- Abbreviation: NL
- Leader: Archibald Maule Ramsay
- Founded: 1935; 91 years ago
- Dissolved: 1939; 87 years ago
- Ideology: Nazism
- Political position: Far-right
- International affiliation: Nordische Gesellschaft
- Slogan: "Perish Judah"

= Nordic League =

British far right organisation

The Nordic League (NL) was a far-right organisation in the United Kingdom from 1935 to 1939 that sought to serve as a co-ordinating body for the various extremist movements whilst also seeking to promote Nazism. The League was a private organisation that did not organise any public events.

==Development==
The Nordic League (NL) originated in 1935 when agents of Alfred Rosenberg's Nordische Gesellschaft arrived in Britain to establish a UK version of their movement. The main force behind this new group was Unionist MP Archibald Maule Ramsay who chaired the group's 14-man leadership council. The group's constitution described it as an "association of race conscious Britons" and sought to co-ordinate all far-right and fascist movements whilst giving particular emphasis to antisemitism.

The League sought to unite leading figures from across the far right, as demonstrated in April 1939 when a meeting addressed by Ramsay was chaired by a member of the British Union of Fascists who was supported by former British Fascists president R. B. D. Blakeney and Imperial Fascist League member E. H. Cole. Other leading members included J. F. C. Fuller, the United Empire Fascist Party leader and Nazi agent Serocold Skeels, Henry Hamilton Beamish, Arnold Leese and P. J. Ridout. The latter was credited with helping to popularise the NL's slogan "Perish Judah", which was frequently rendered "P.J." in public.

BUF leader Oswald Mosley, fearful of being too closely associated with the League's extremist rhetoric, did not join but he permitted party members to do so which the likes of Fuller, Robert Gordon-Canning and Oliver C. Gilbert did readily. As a result of these links the BUF was able to absorb the National Socialist Workers Party, a small group led by NL member Lieutenant-Colonel Graham Seton-Hutchison.

==Front groups==
The NL was closely linked to the White Knights of Britain, a secret society otherwise known as the Hooded Men with ritual initiation based on Freemasonry and compared to the Ku Klux Klan that was active from 1935 to 1937. The White Knights and the NL shared the same building as their headquarters. Another group, the Militant Christian Patriots, that was active after the Munich Crisis urging Neville Chamberlain not to become involved in a "Jewish war", was also closely connected to the NL and said by MI5 to be a front organisation. By using this group and another front organisation, the Liberty Restoration League, the NL was able to ensure that high-ranking figures such as the Duke of Wellington, the Duchess of Hamilton, Baron Brocket, and Michael O'Dwyer became involved in their movement.

==Response and demise==
The NL came under increasing scrutiny after Kristallnacht, particularly for the violence of Ramsay, William Joyce and A. K. Chesterton in their antisemitic speeches.
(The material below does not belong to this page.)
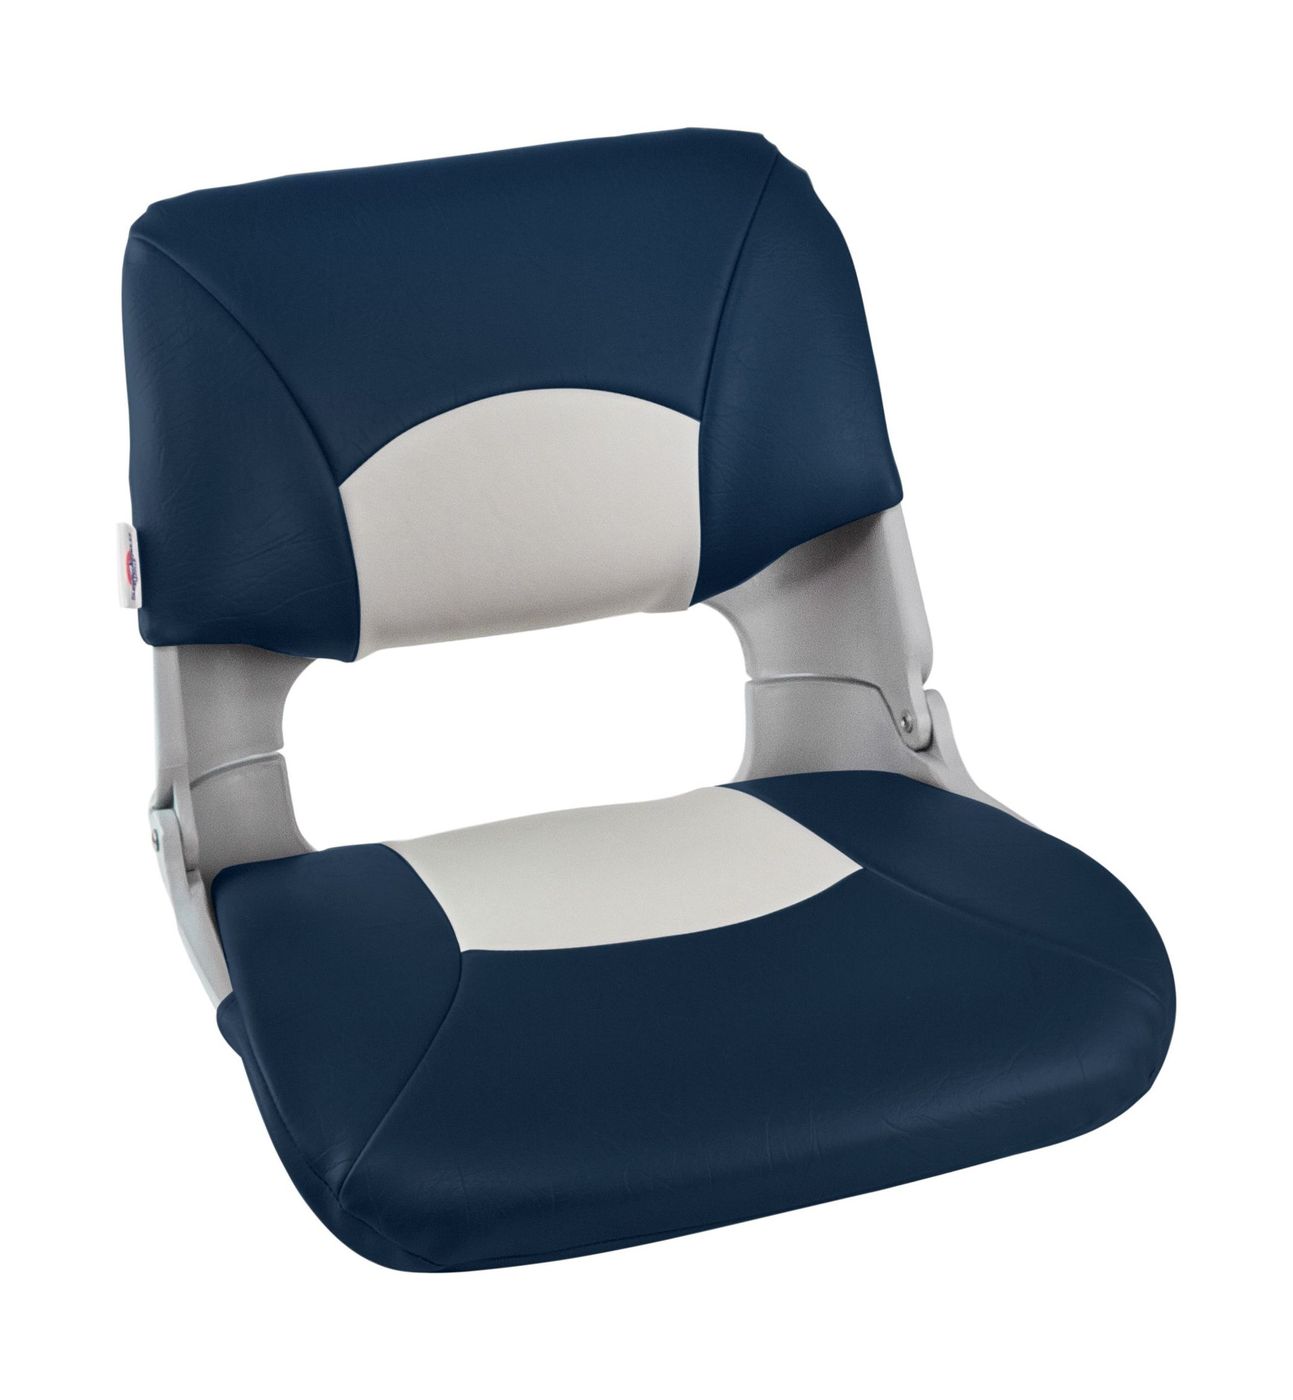 Кресло складное мягкое SKIPPER, цвет серый/синий 1061019 сиденье мягкое bass boat seat серый синий 75132gcb

Others such as Elwyn Wright, who until 1937 was secretary of the Anglo-German Fellowship, called for the shooting of Jews, whilst Commander E. H. Cole condemned the House of Commons as being full of "bastardised Jewish swine". However, such extremist language worked against the NL because its speakers were seen by the public at large as quite mad and so their pro-appeasement arguments were ignored.

Following the outbreak of the Second World War, two leading members, T. Victor-Rowe and Oliver Gilbert, were interned, and the NL largely went into abeyance, with members joining other, more public, anti-war groups. The League had officially disbanded as soon as war was declared although it continued to meet secretly at Gilbert's house until his arrest in late September 1939. Two of its members, Joyce and Margaret Bothamley, left Britain for Nazi Germany after the outbreak of war. Given the association of the NL with Nazism, BUF organiser Alexander Raven Thomson even suggested that Mosley publicly denounce the League as traitors in an attempt to present a more patriotic image, although Defence Regulation 18B came into force before this could be attempted.